Problem to solve
Look below for the line that contains "Copridivani per divani", then quote it and all the lines after it, exactly, with the pictures left out.

The data
■ ■ ■ ■ ■
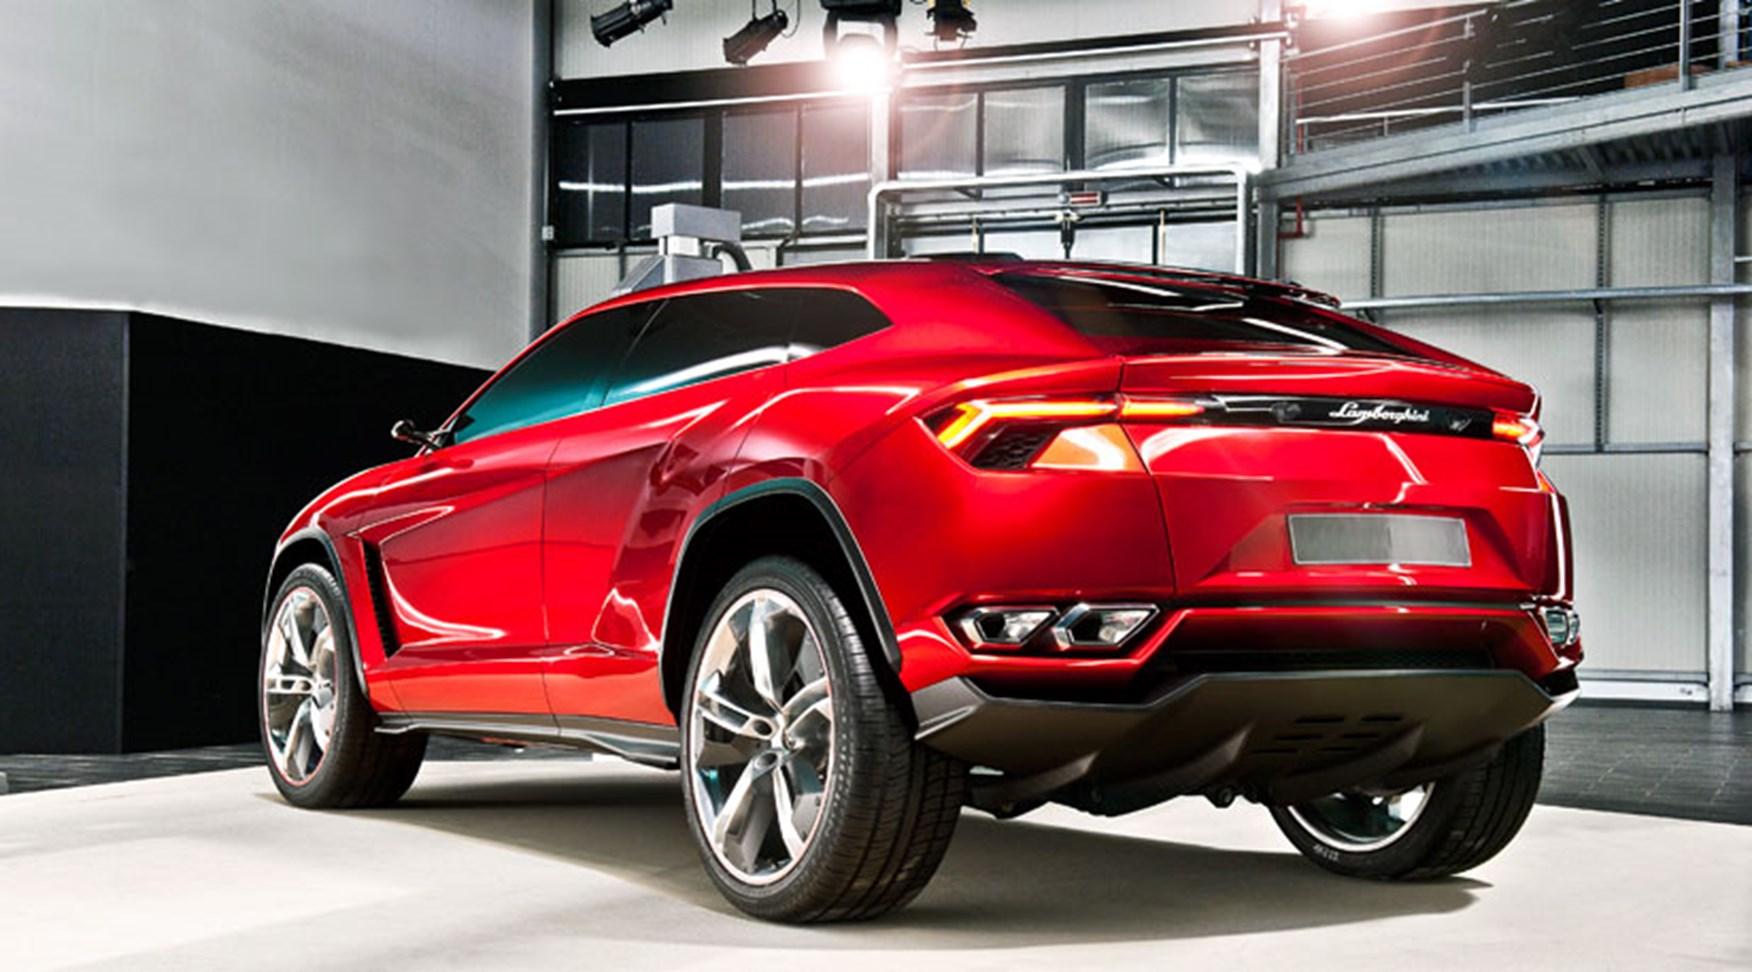 Lamborghini Urus Suv To Cost 163 135 000 Car Magazine
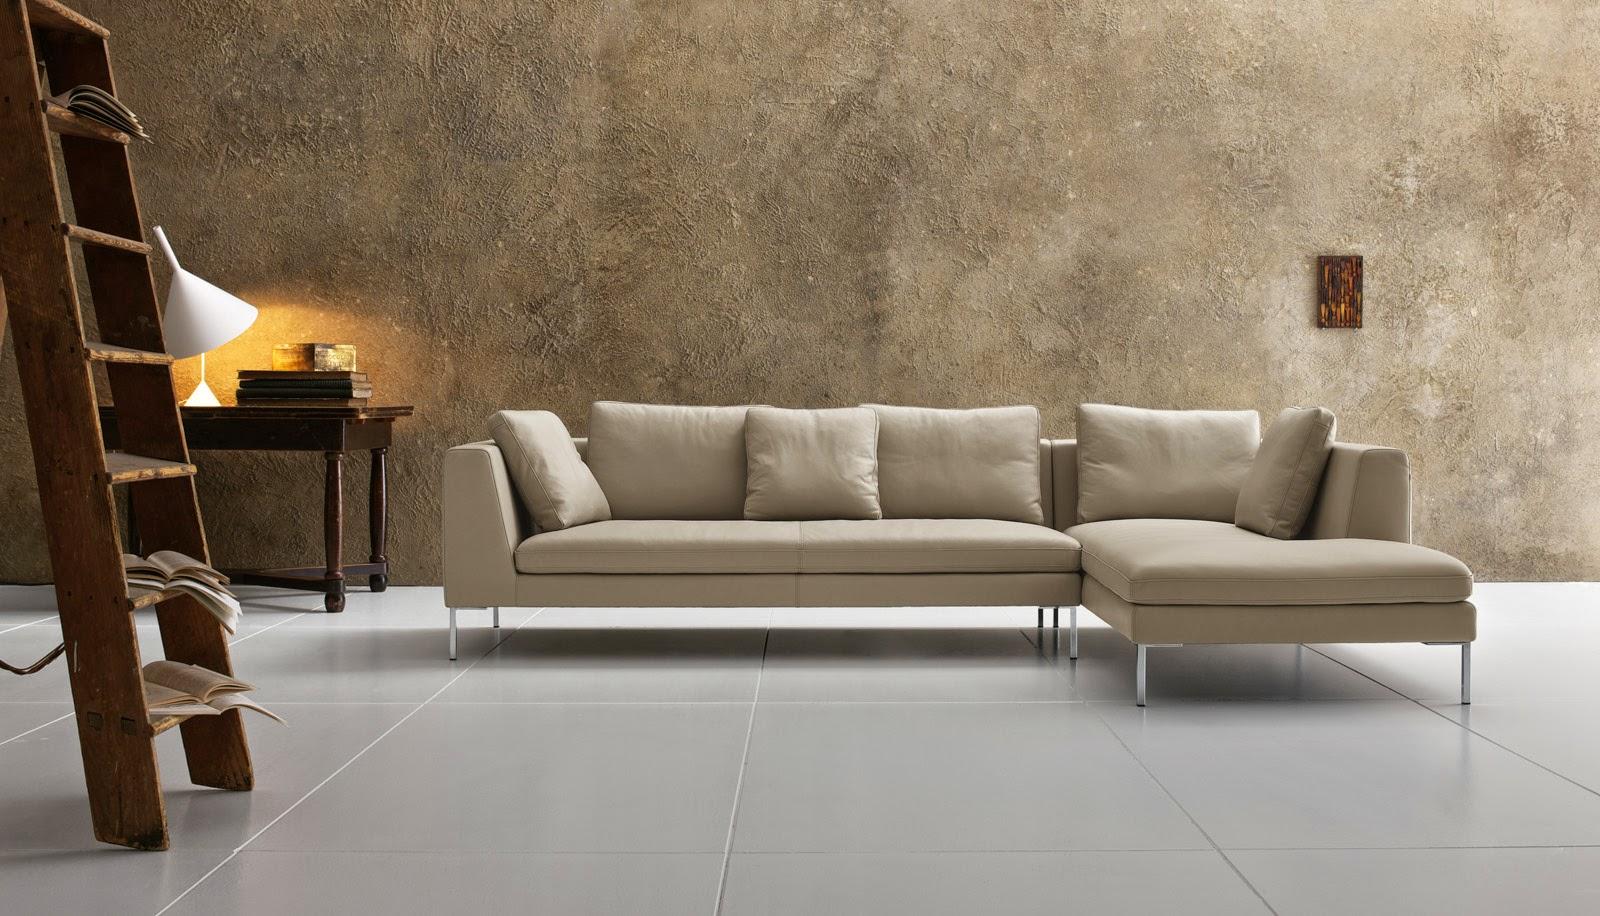 Copridivani per divani in pelle : Divano piccolo angolare ~ il meglio per il design degli interni e
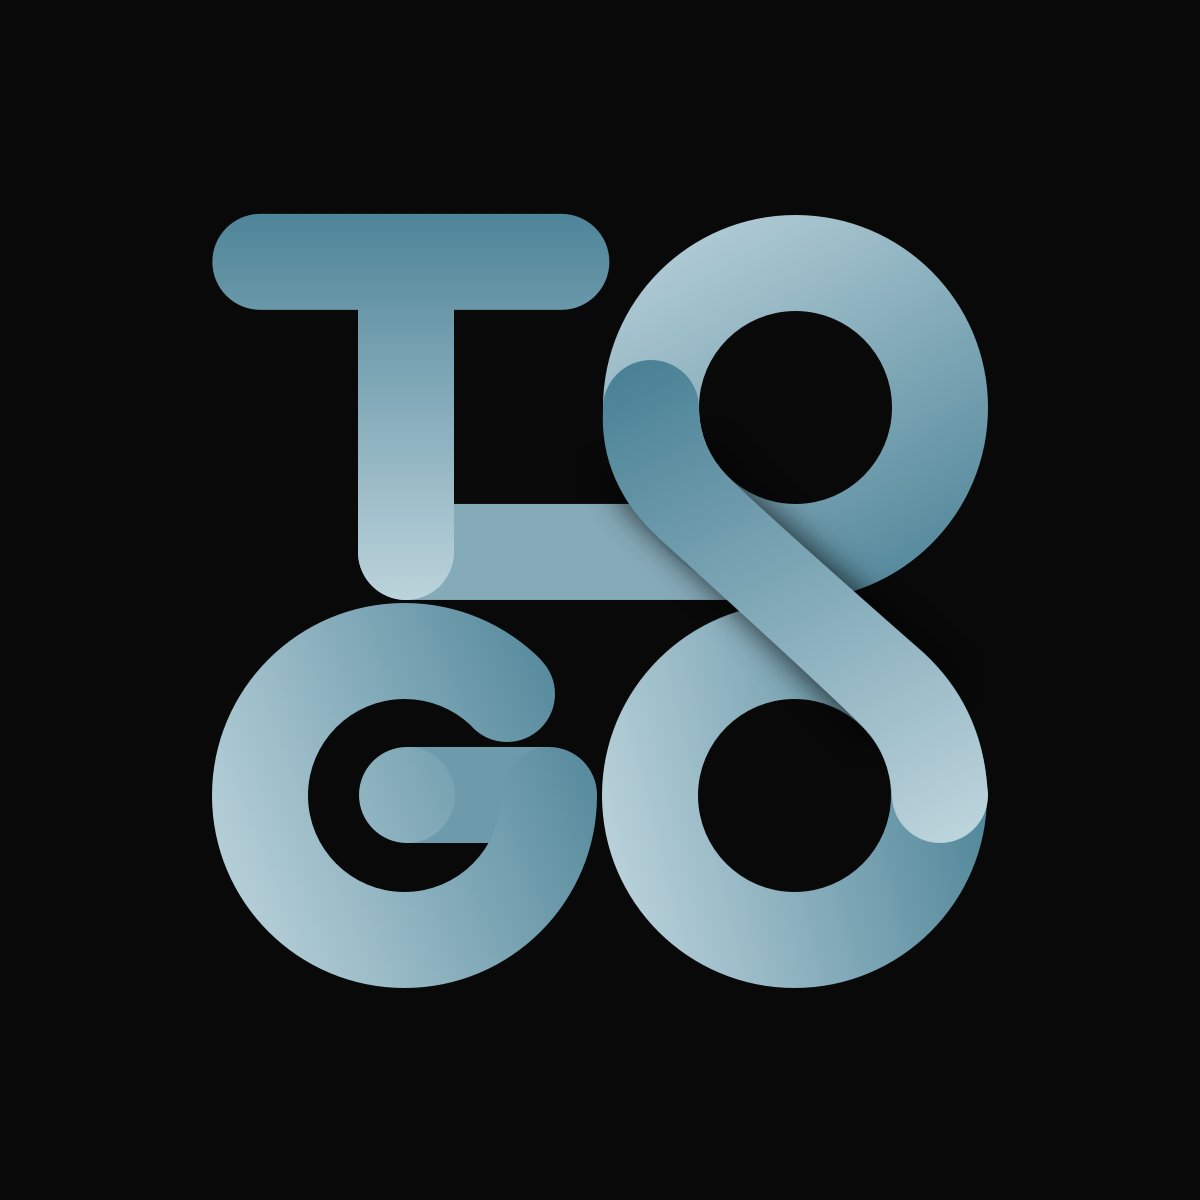 Разработать логотип и экран загрузки приложения фото f_3895a87443f942f3.png
■ ■ ■ ■ ■
Result for this exercise
 Copridivani per divani in pelle : Divano piccolo angolare ~ il meglio per il design degli interni e
 Разработать логотип и экран загрузки приложения фото f_3895a87443f942f3.png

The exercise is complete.